The offer side of this post makes my head hurt though.

    
    
        70k with .5% equity or
        60k with 1% equity or
        50k with 1.5% equity or
        40k with 2% equity
    

This offer says that 1% of the company is worth $20k. The company is worth
$2MM. _Late note: this analysis is silly, see comments below._

Later:

    
    
        Inputs:
        -        Employee’s market salary 
        (I used my current salary, plus bonuses)
        -        Salary offered by the startup 
        (I used my offer, plus benefits like rent subsidy)
        -        Company’s valuation 
        (I used $5M, the cap for Keen’s seed note)
    

No, it's $2MM, the CEO just told you so, right?

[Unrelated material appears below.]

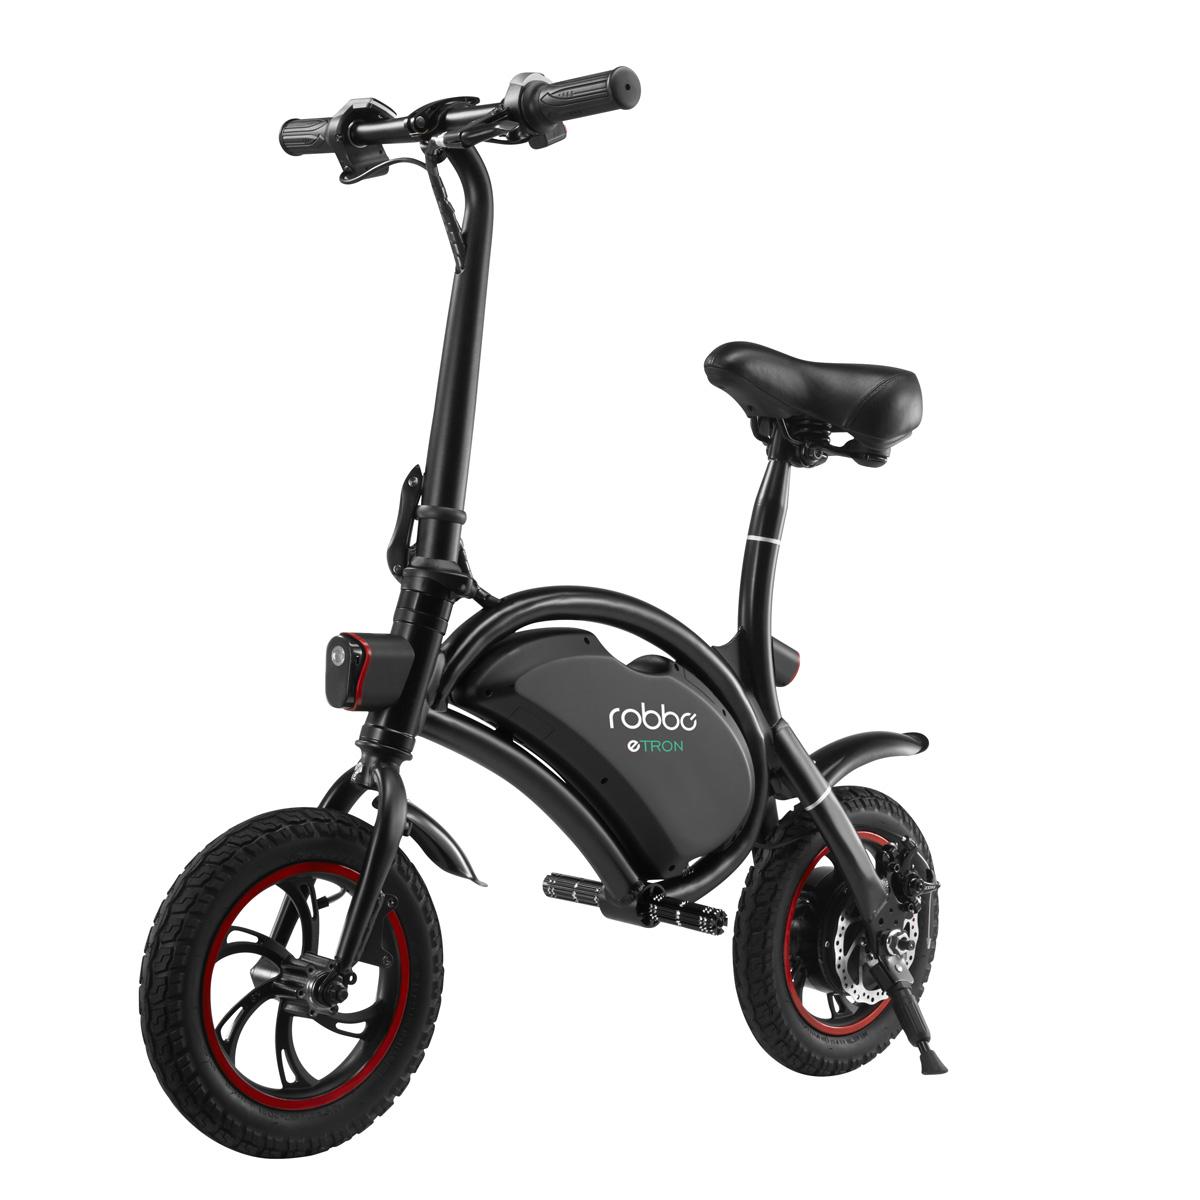 električni mini skuter robbo e tron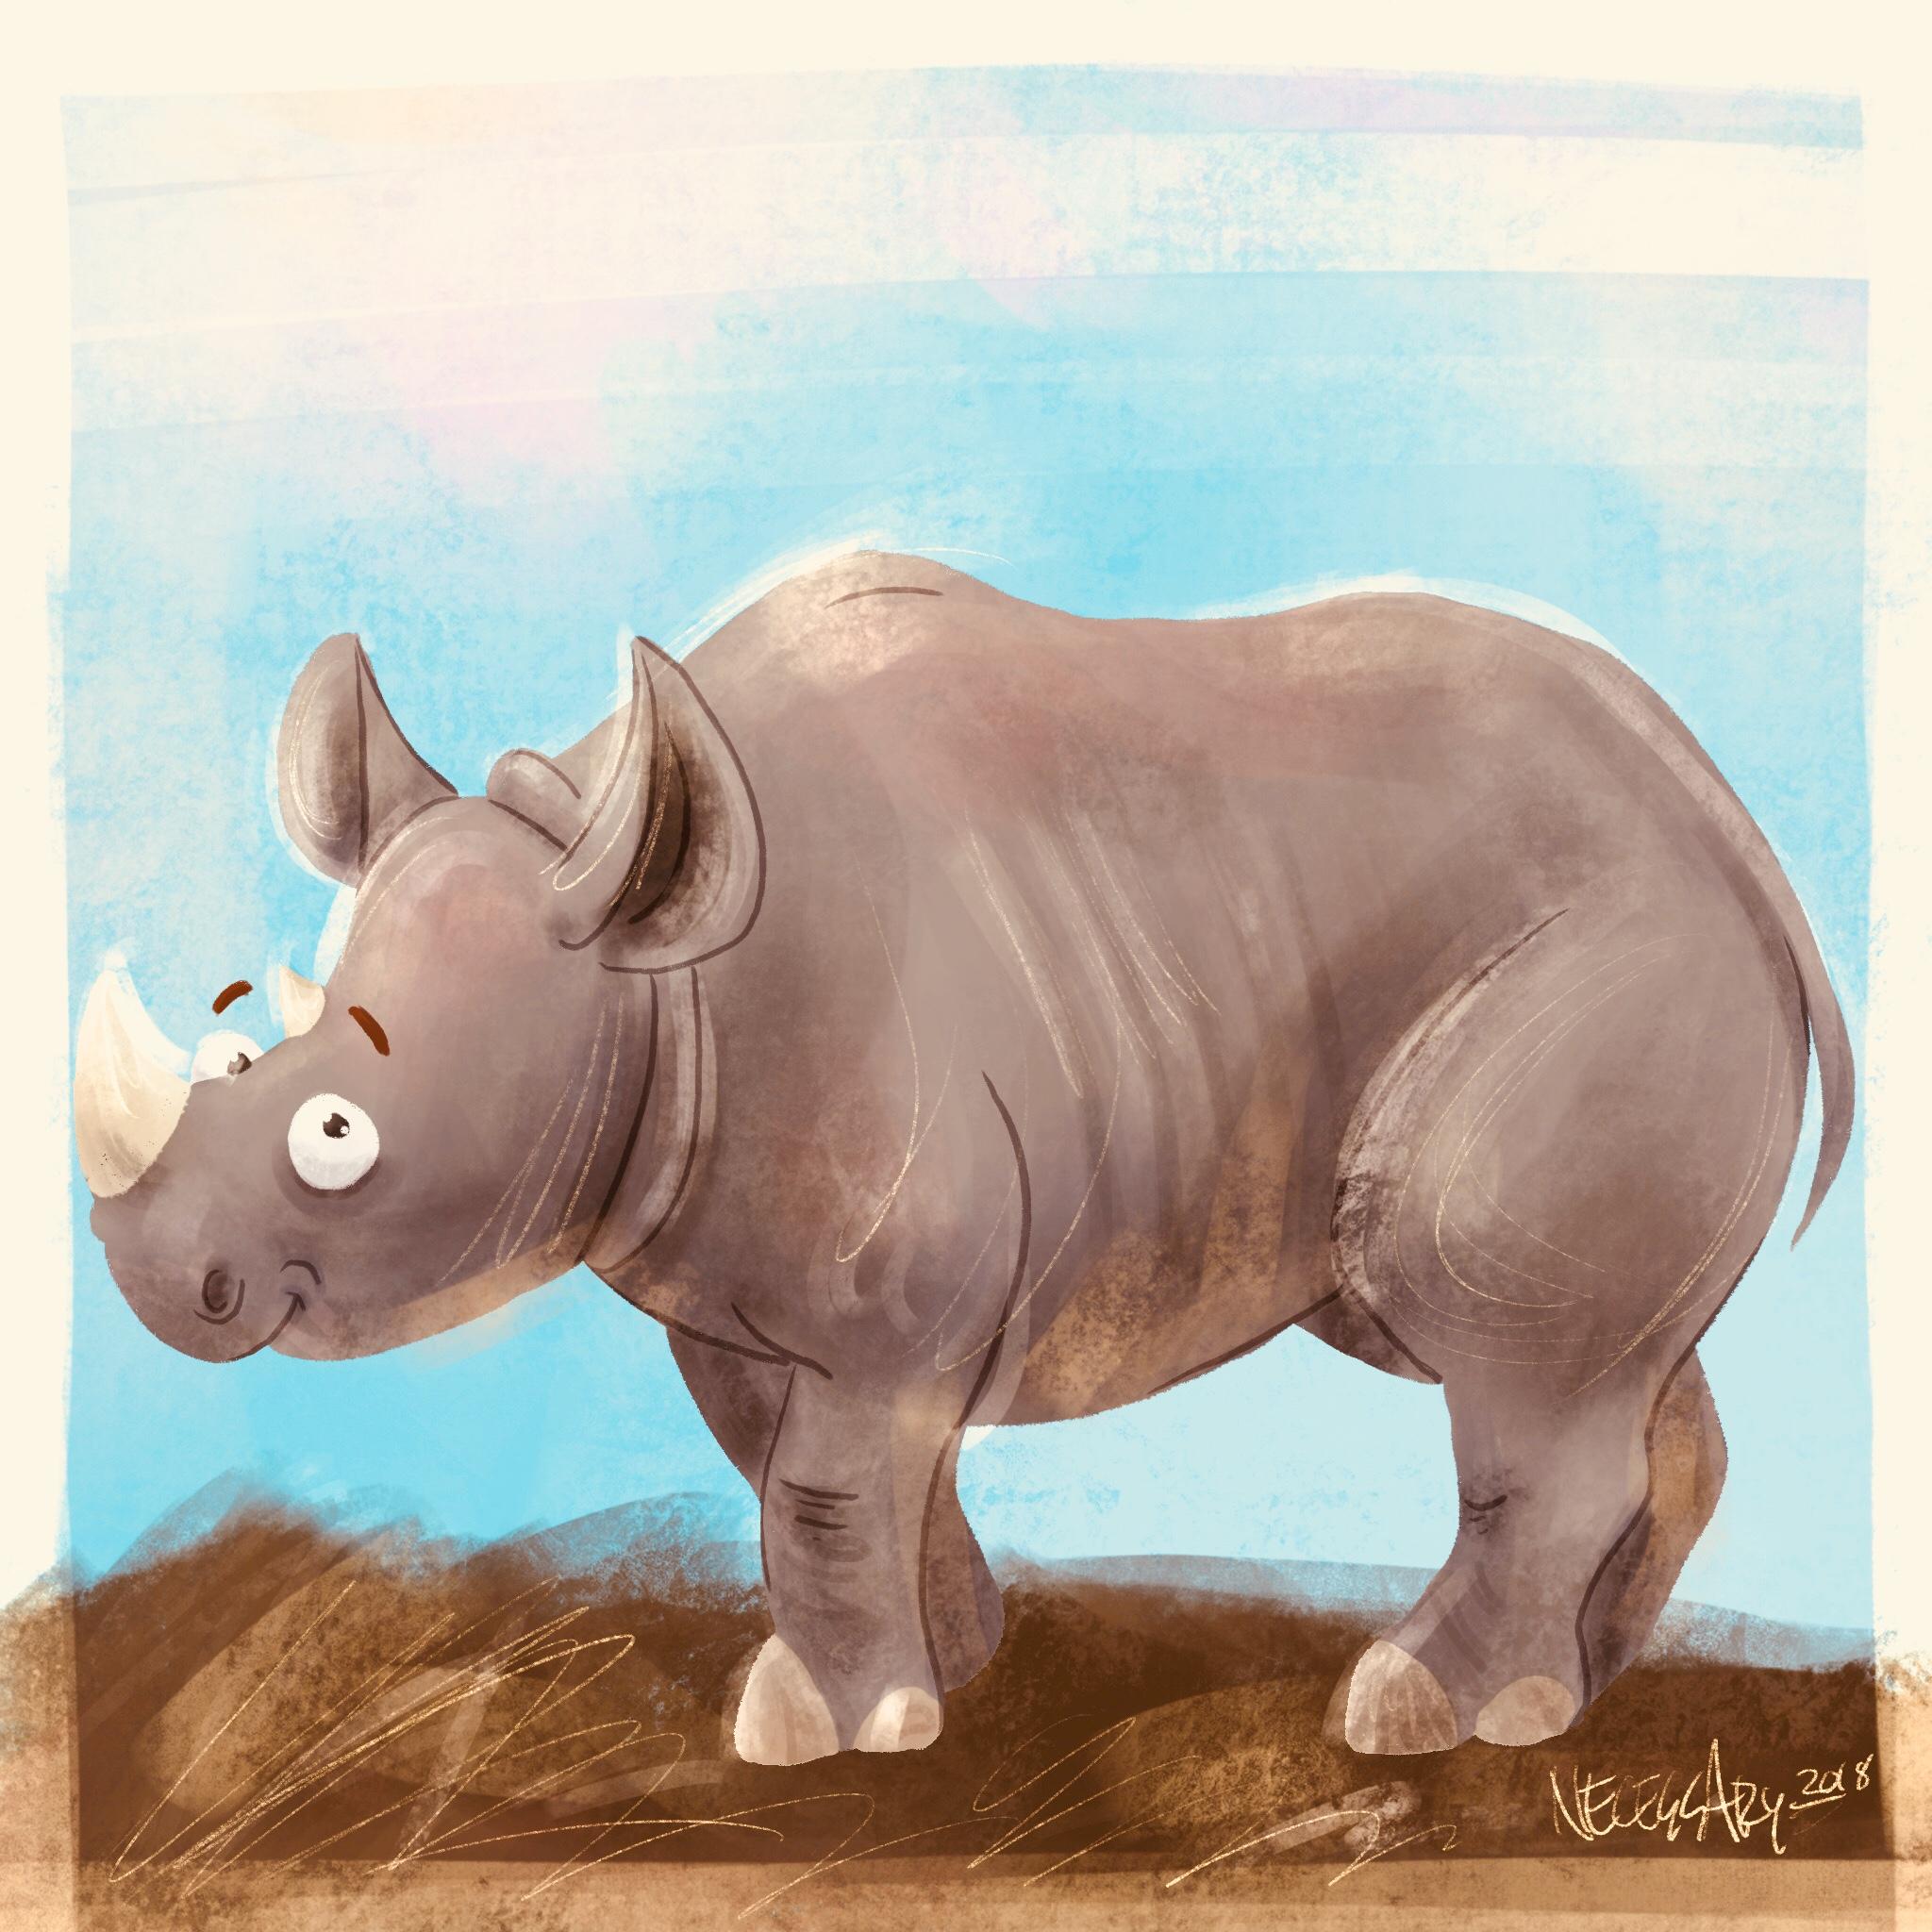 Kendi the Rhino

Frankly, an offer with a .5%->2% spread between possible equity stakes is a
red flag. Those are _wildly_ different equity grants for the exact same role.

Also:

 _Our expected net worth after a few years in our existing management
positions was, by any practical estimation, the most financially sound outcome
– and a very good one, at that. Even if things went great at Keen, with a big
Series A or early profitability, we’d probably make less._

What does "a big Series A" have to do with your long term financial outcome?
The A-round money goes to the company, not to your family. How many companies
with "institutional" VC rounds fail? Answer: most of them.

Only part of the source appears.